Alaya communicated with subdued beauty and grace.  And people walked all over her.

Alaya comes from a culture that values extreme politeness in women.  Women are rigorously taught to listen, be sensitive and respond.

Alaya personally believes in this.  Impoliteness creates a feeling in her that something is terribly wrong.  She withdraws when faced with it.

Professionals and execs in large high-tech corporations are focused on getting things done fast (now) and “my way”.  Politeness is a luxury they can’t always afford.  So they mis-read Alaya’s politeness as acquiescence and rammed their agendas through, ending meetings and conversations without ever hearing her thoughts.

Alaya is intelligent, observant.  She has many ideas.  She was waiting for someone to come along who wanted to hear them. In the meantime, the world was whizzing past her at 70 miles an hour, on their way to somewhere else.

When Alaya showed up for the workshop, I recognized that her extreme sensitivity to others was a gift that made her extremely valuable to the world.

Having delivered our programs in 47 countries now, I’ve seen what different cultures teach about communication.  I see it every week.

Each culture teaches something good about communication, something other cultures would find interesting and beneficial. However, no culture teaches the full, well-rounded Communication Formula that we teach. This leaves big gaps in a person’s ability to communicate and these big gaps cause them problems.

For example, Alaya’s culture teaches beauty and grace, something our culture could certainly use more of, but entirely skipped teaching Alaya how to express her ideas, leaving more than half the communication formula missing from her ability to survive in the corporate world.

Specifically, she was missing how to combine intention with grace to communicate her ideas so she could be heard.  And she was missing how to bridge over to her ideas after someone very passionately had expressed theirs and was ready to move on without hearing her out.  How to open that door?  And do it politely.  With grace.

Alaya described her problem like this:

“I seem to not get their 100% focus on listening to me when it is my turn to speak. It is like talking to a wall. They are not listening and translate my listening as agreement and their victory.  And with me leaving conversations with my side un-said, it is leading me to feel burned out.”
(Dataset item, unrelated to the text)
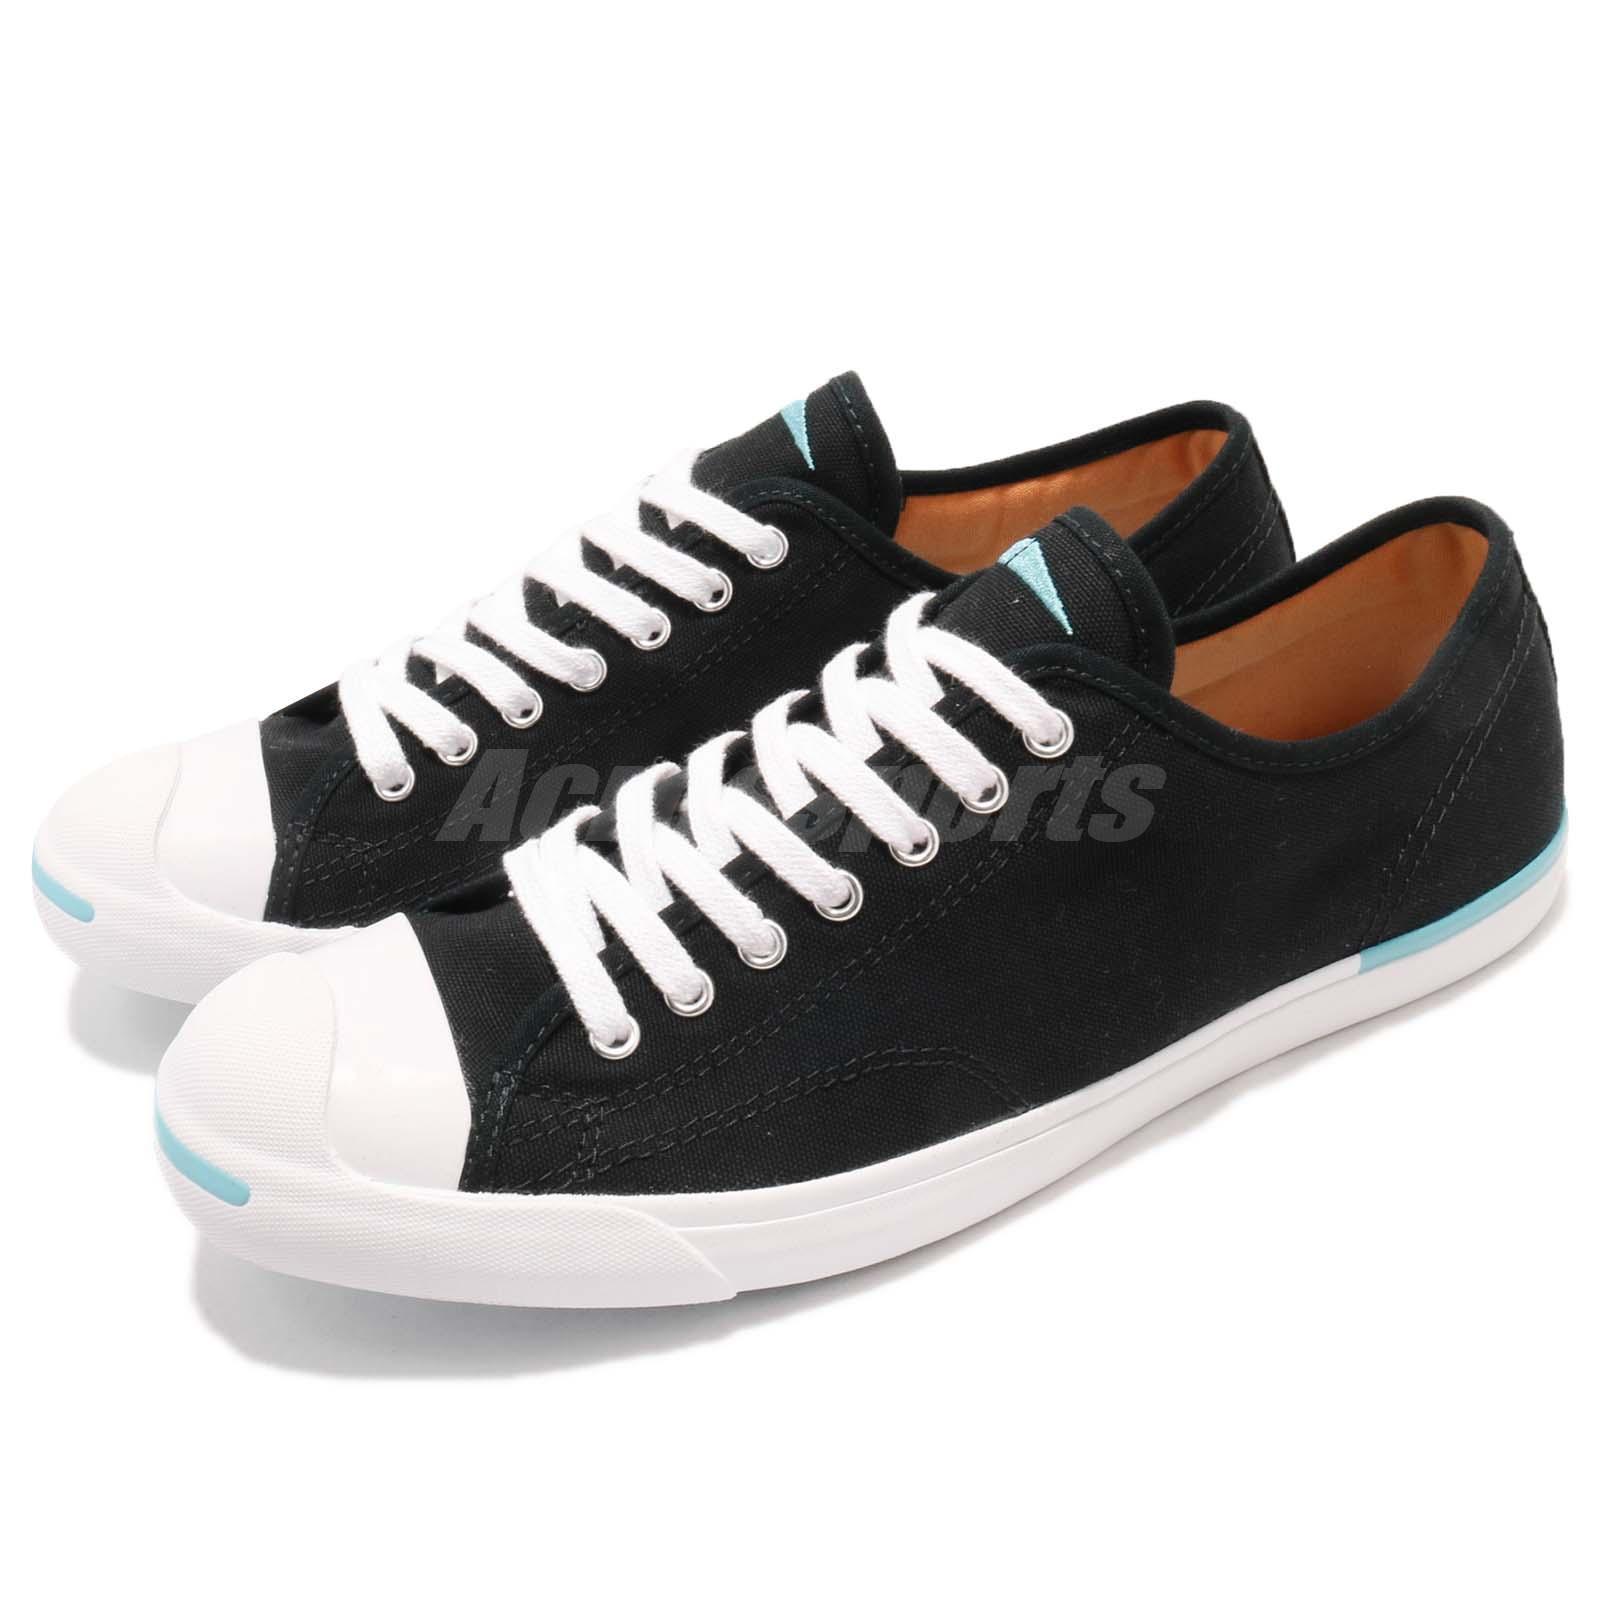 a88ea954bea1 Details about Converse Jack Purcell LP L S Black White Canvas Men Women  Casual Shoes 160815C
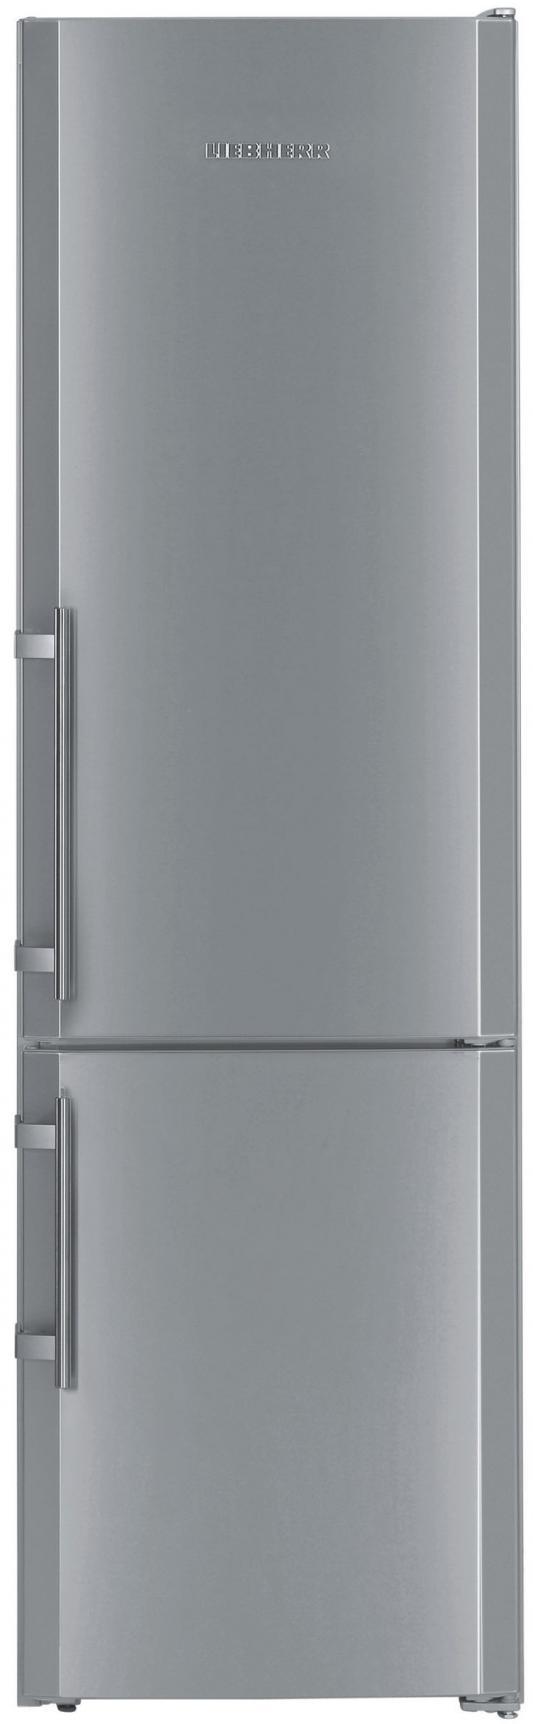 Холодильник Liebherr CUef 3515-20 001 серебристый

Alaya still communicates with beauty and grace.  She is still soft-spoken.  Wonderfully polite. But today, a year after the workshop, she has experienced what a year of transformation does to every part of life.  Her emails to me now are a celebration.

She has learned to add the magic ingredient of intention into her communication.  Not forcefulness, but the power of strong intent that carries her words across to bridge all divides.

This is how she describes herself now:

“I have reclaimed my power in the conversation.  THE COMMUNICATION FORMULA HAS CHANGED MY LIFE (the workshop); my relationship with MYSELF is better; hence my relationship with others is better (family, colleagues, strangers).

“I am so confident in my AUTHENTIC self; I am 100% at ease with myself. I have worked hard on myself so I am proud of where I am. And I’m making progress every day. I am learning every day.

“I am CAUSING outcomes that I want left, right and center.”

The world is now listening to Alaya.  And they like her ideas.  She is being selected for leadership positions and invited to speak at leadership conferences. 

If you are not CAUSING the outcomes you want, my hunch is that you’re missing one (or more) of the pieces of the Communication Formula.

In the span of a single one of our workshops, you can get those missing pieces and put yourself in a position where the world will listen to YOU, just like it listens to Alaya.

Be the cause!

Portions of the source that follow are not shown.